Мне было очень понятно все, что ты написал мне о «крайнем равнодушии, оковывавшем тебя». Это чувство я пережил сам и отчасти еще переживаю до сих пор. Между прочим, под его влиянием бежал я за границу, где провел больше трех месяцев. За эти дни я почти ничего не делал, во всяком случае не делал, не писал ничего важного. Да и теперь, вернувшись в Москву, к своим книгам, к своим бумагам, я с явным насилием принуждаю себя жить и работать.
Этому внутреннему неустройству соответствует вполне неустройство внешнее. Я говорю о нашей, русской, литературной жизни. Сколько я могу судить, в ней господствуем полный распад. Былые союзы и кружки все разложились, былые руководящие идеи изжиты, — новых нет. Но в то время как мы, которые, так сказать, в своей груди выносили идеи недавнего прошлого, с правом говорим себе и другим: «Мы хотим иного», — кругом толпа новоприбывших незнакомцев, ничего не переживших, ничего не выносивших, пляшет каннибальский танец над прежними нашими идеалами и плюет на них. И это отвратительно.
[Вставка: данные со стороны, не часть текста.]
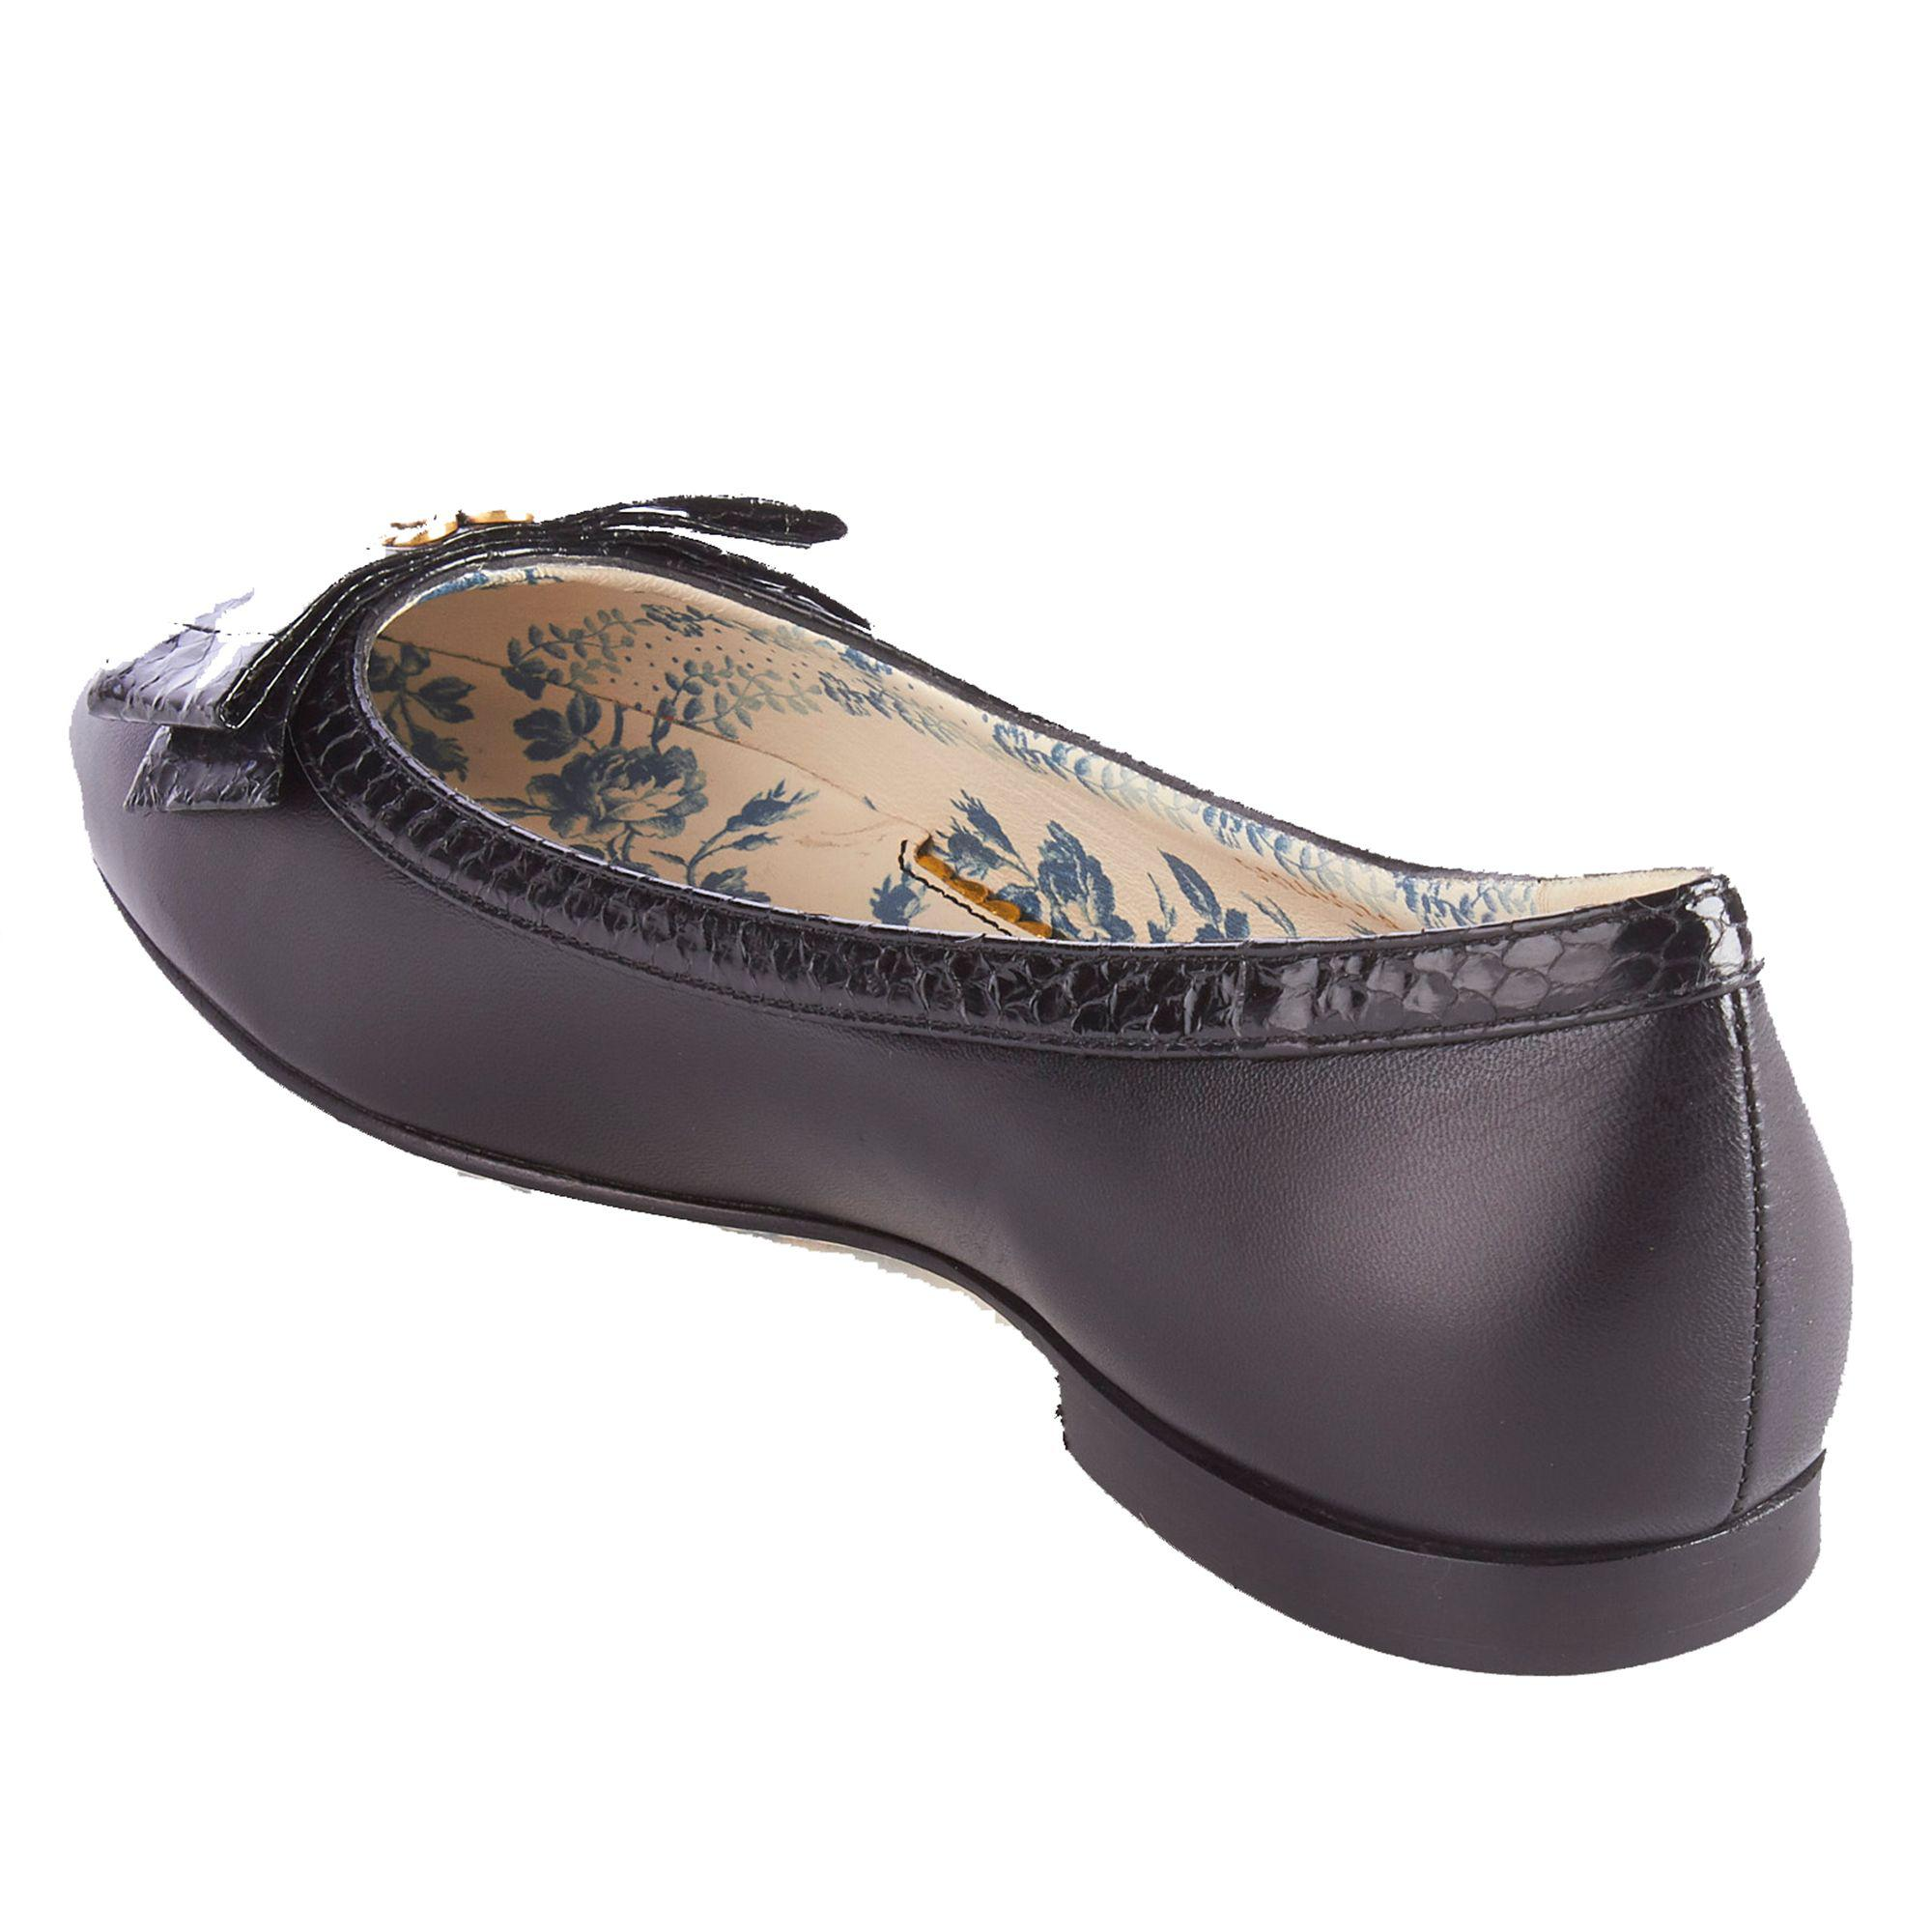 891288496 Gucci - Women s Leather Snakeskin Bow Ballet Flat Shoes Black - Lyst. View  fullscreen

Ты знаешь, что я никогда не был врагом молодости, молодежи. Не я ли первый приветствовал Белого? и Блока? позднее Городецкого? и Гумилева? и совсем недавно графа А. Толстого? Но я хочу или иметь возможность учиться у молодежи, или чтобы она училась у меня, у нас. Третьего я не признаю. Или принеси что-то новое, или иди через нами поставленную триумфальную арку. Когда же как новое откровение предлагают мне идеи, нами пятнадцать лет тому назад отвергнутые и опровергнутые, я оставляю за собой право смеяться.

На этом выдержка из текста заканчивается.